**** The data ****
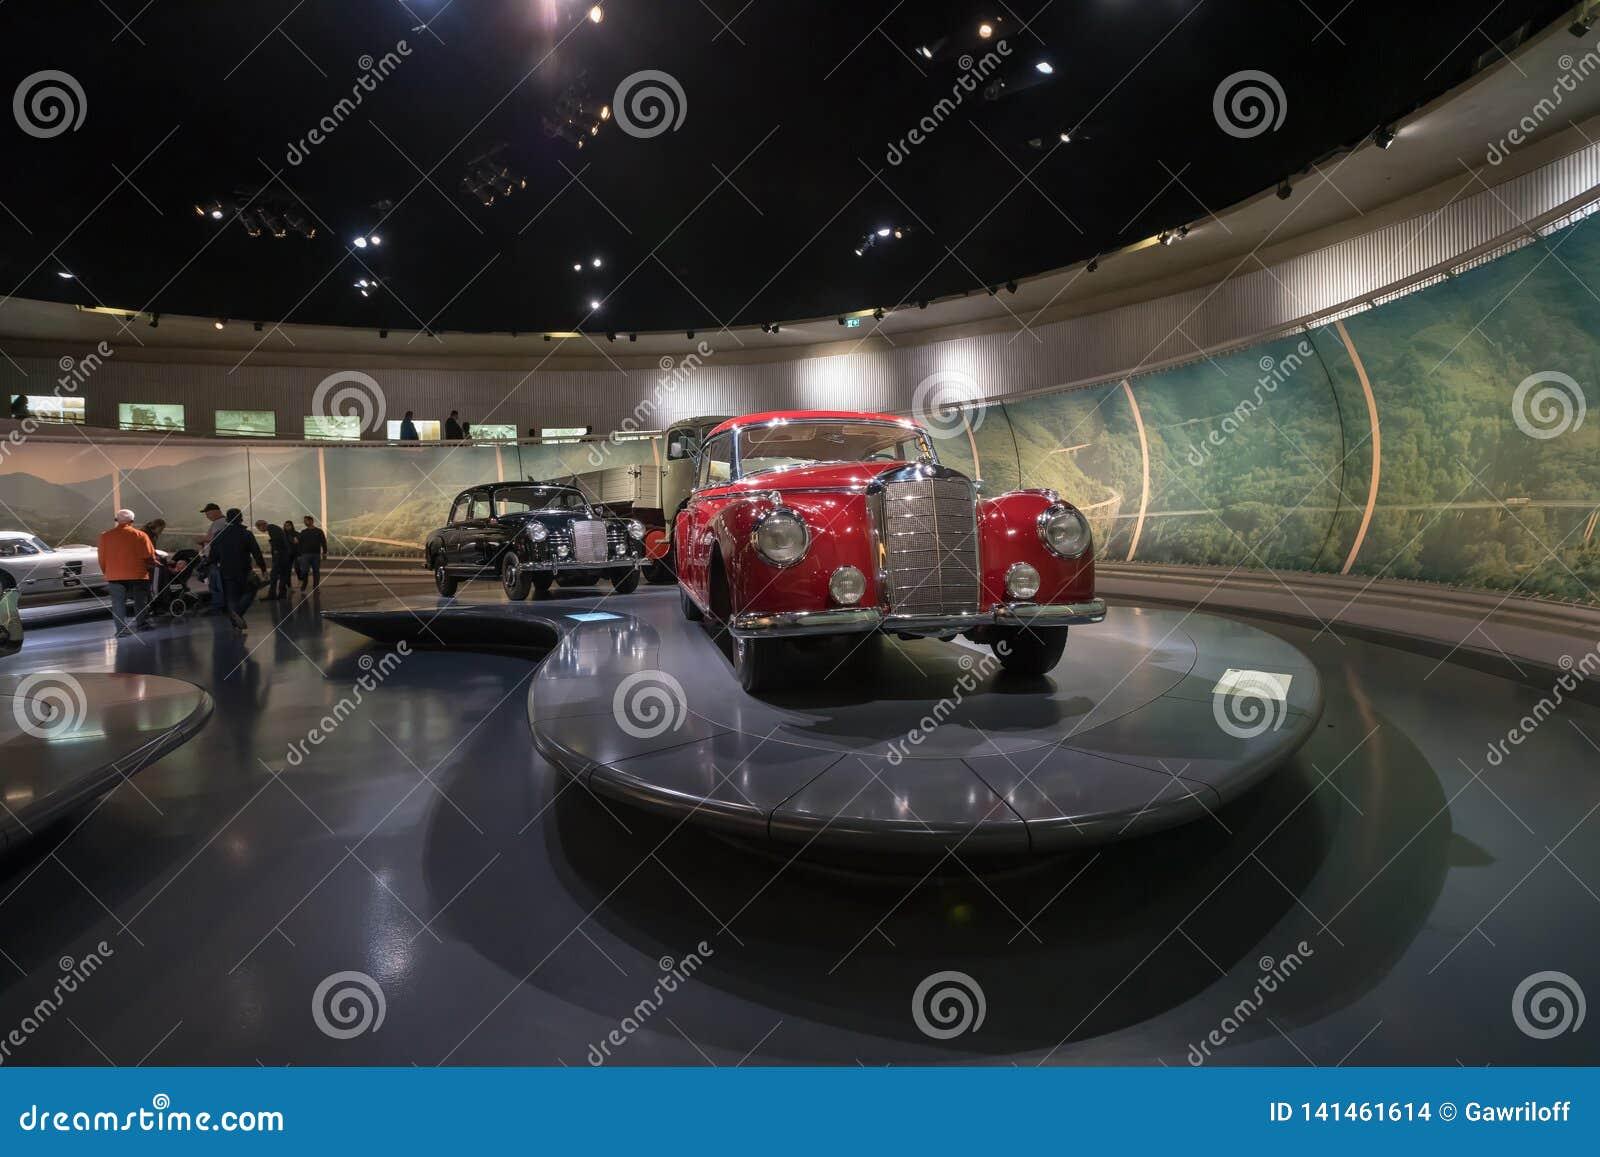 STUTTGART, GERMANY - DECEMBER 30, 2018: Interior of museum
****
**** The data ****
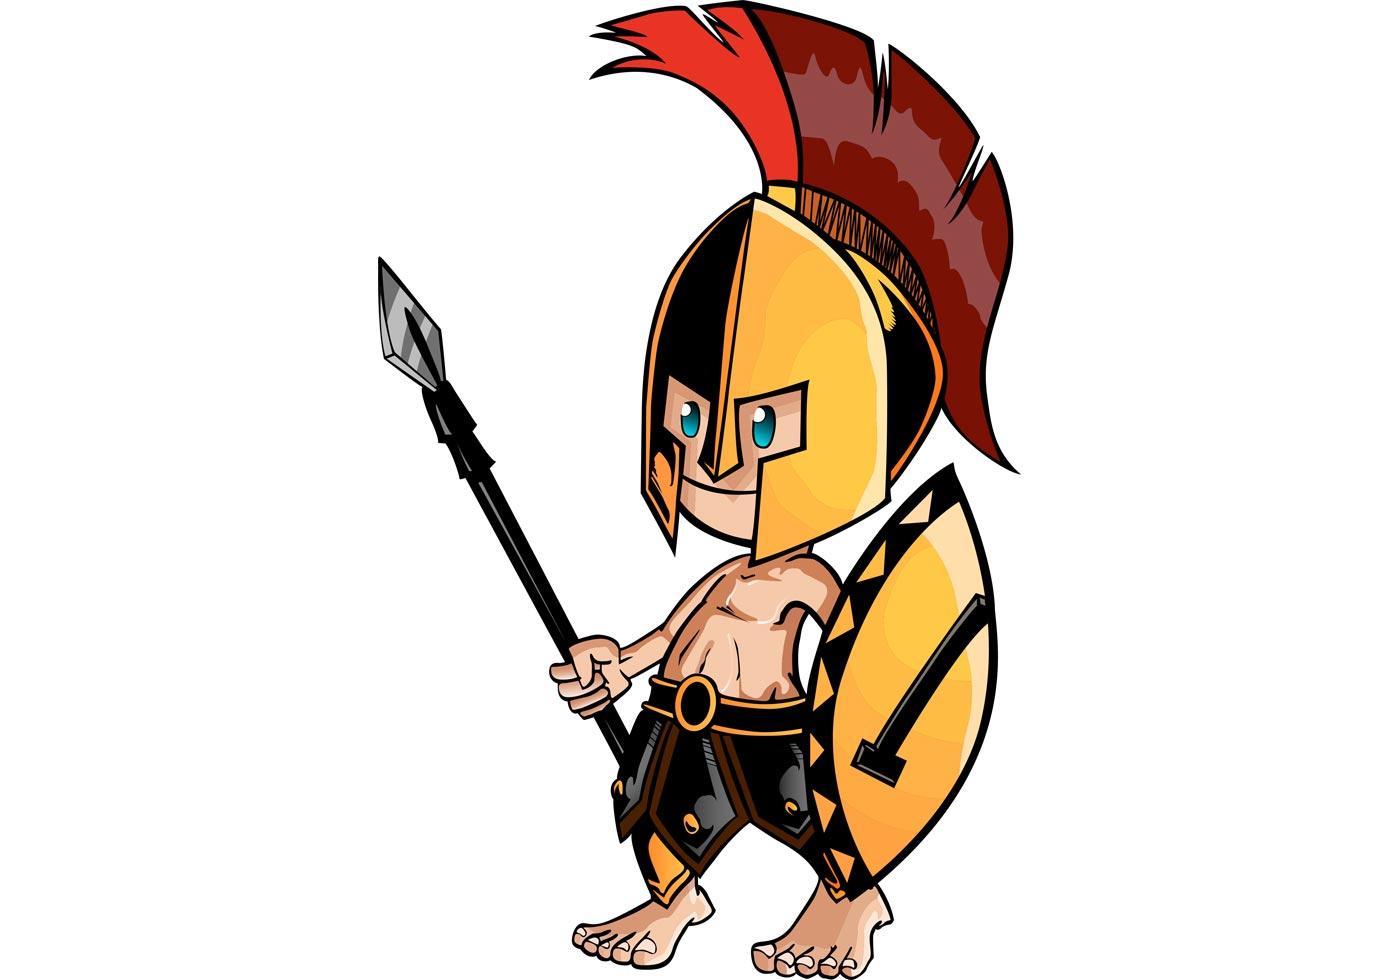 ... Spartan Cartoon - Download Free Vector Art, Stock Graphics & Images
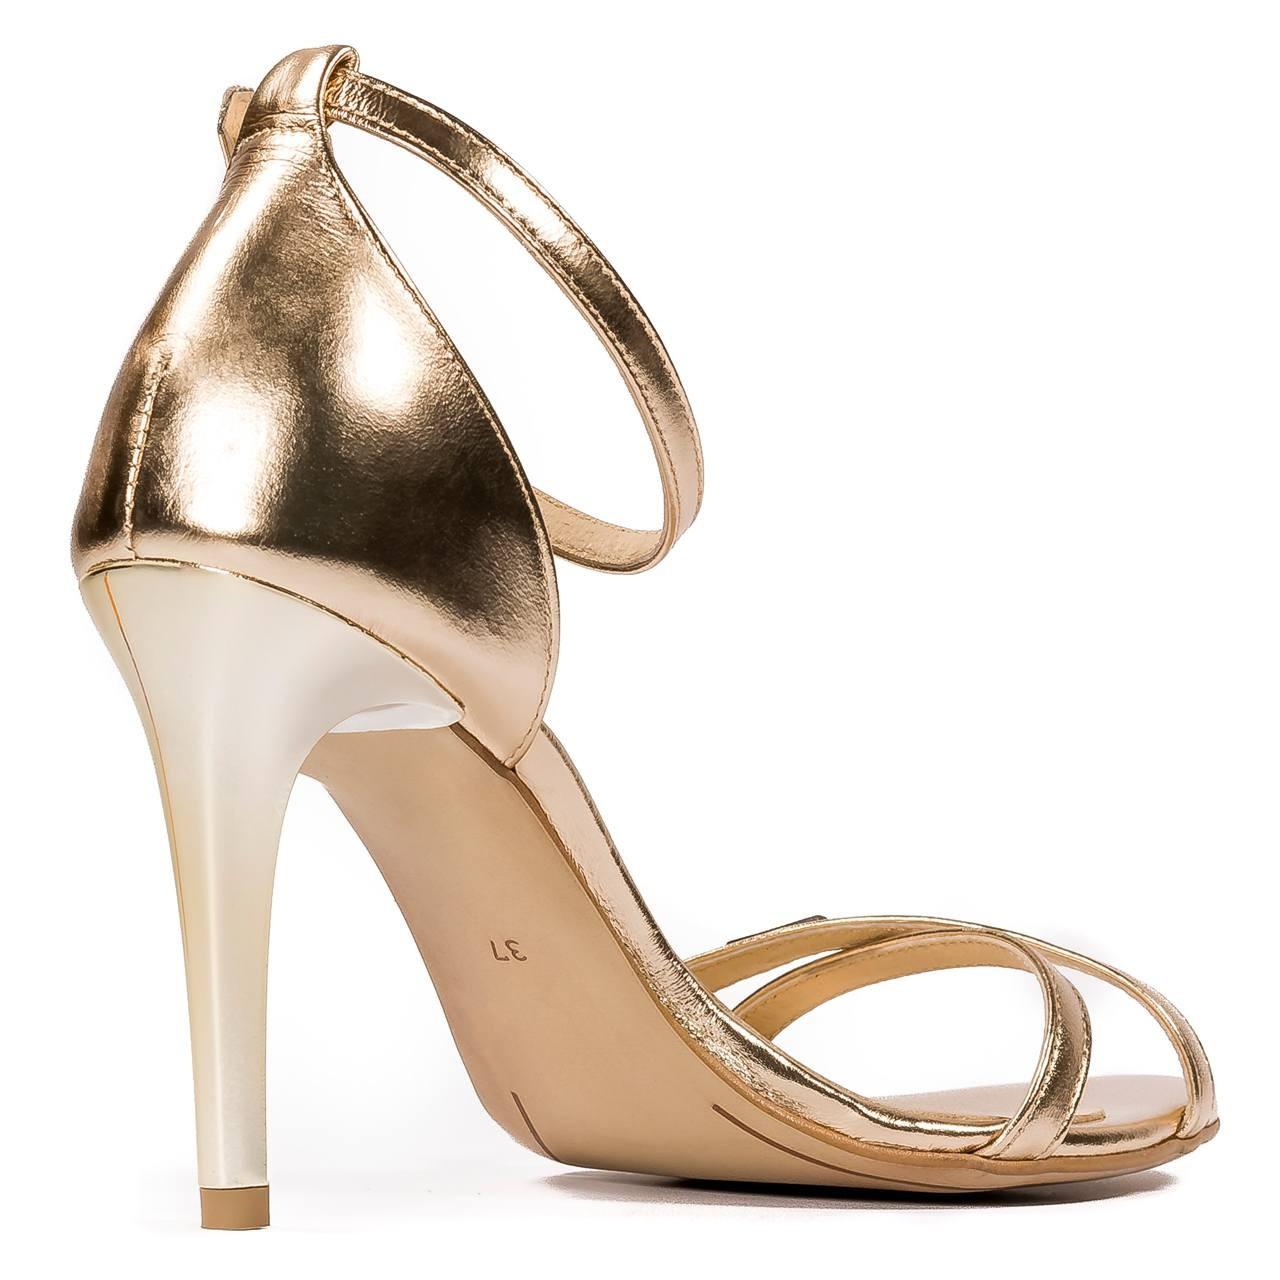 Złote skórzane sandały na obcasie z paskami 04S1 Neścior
****
**** The data ****
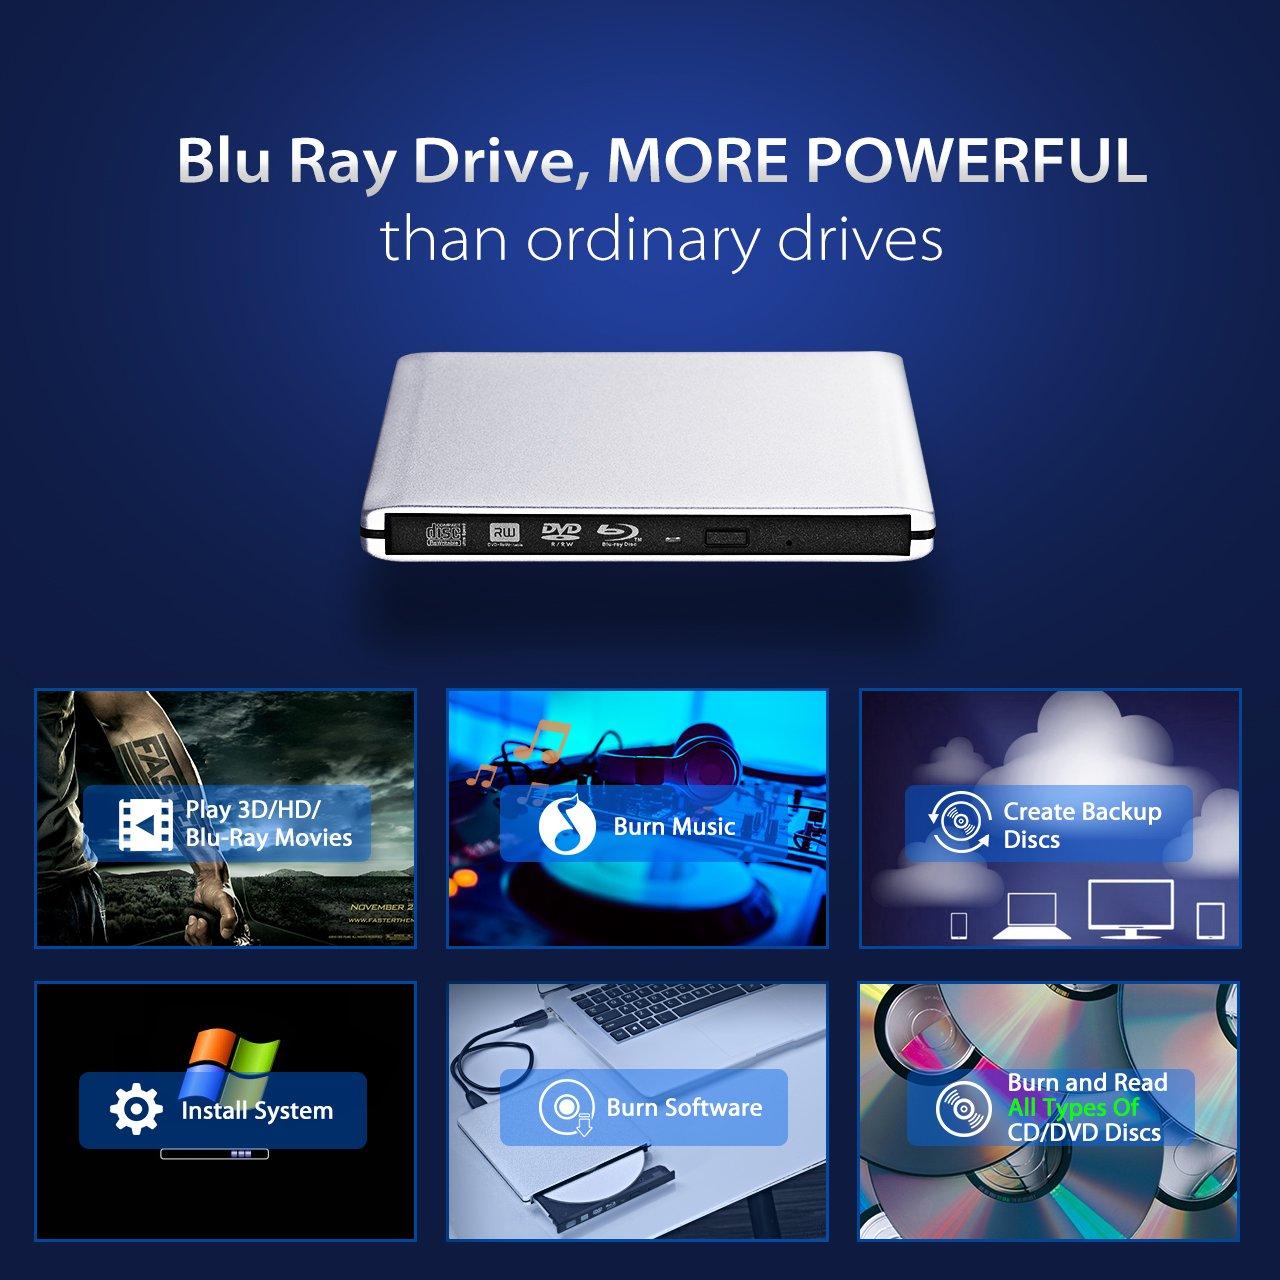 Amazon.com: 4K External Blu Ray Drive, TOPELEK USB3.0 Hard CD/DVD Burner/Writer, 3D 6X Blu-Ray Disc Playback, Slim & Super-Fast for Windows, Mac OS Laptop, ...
****
• Your task
Going by the entries above, repeat exactly the lines that start at the line with "Graphics & Images" and go on through the line with "Złote skórzane sandały". Pictures are not part of the copy.

• Finished task
 ... Spartan Cartoon - Download Free Vector Art, Stock Graphics & Images
 Złote skórzane sandały na obcasie z paskami 04S1 Neścior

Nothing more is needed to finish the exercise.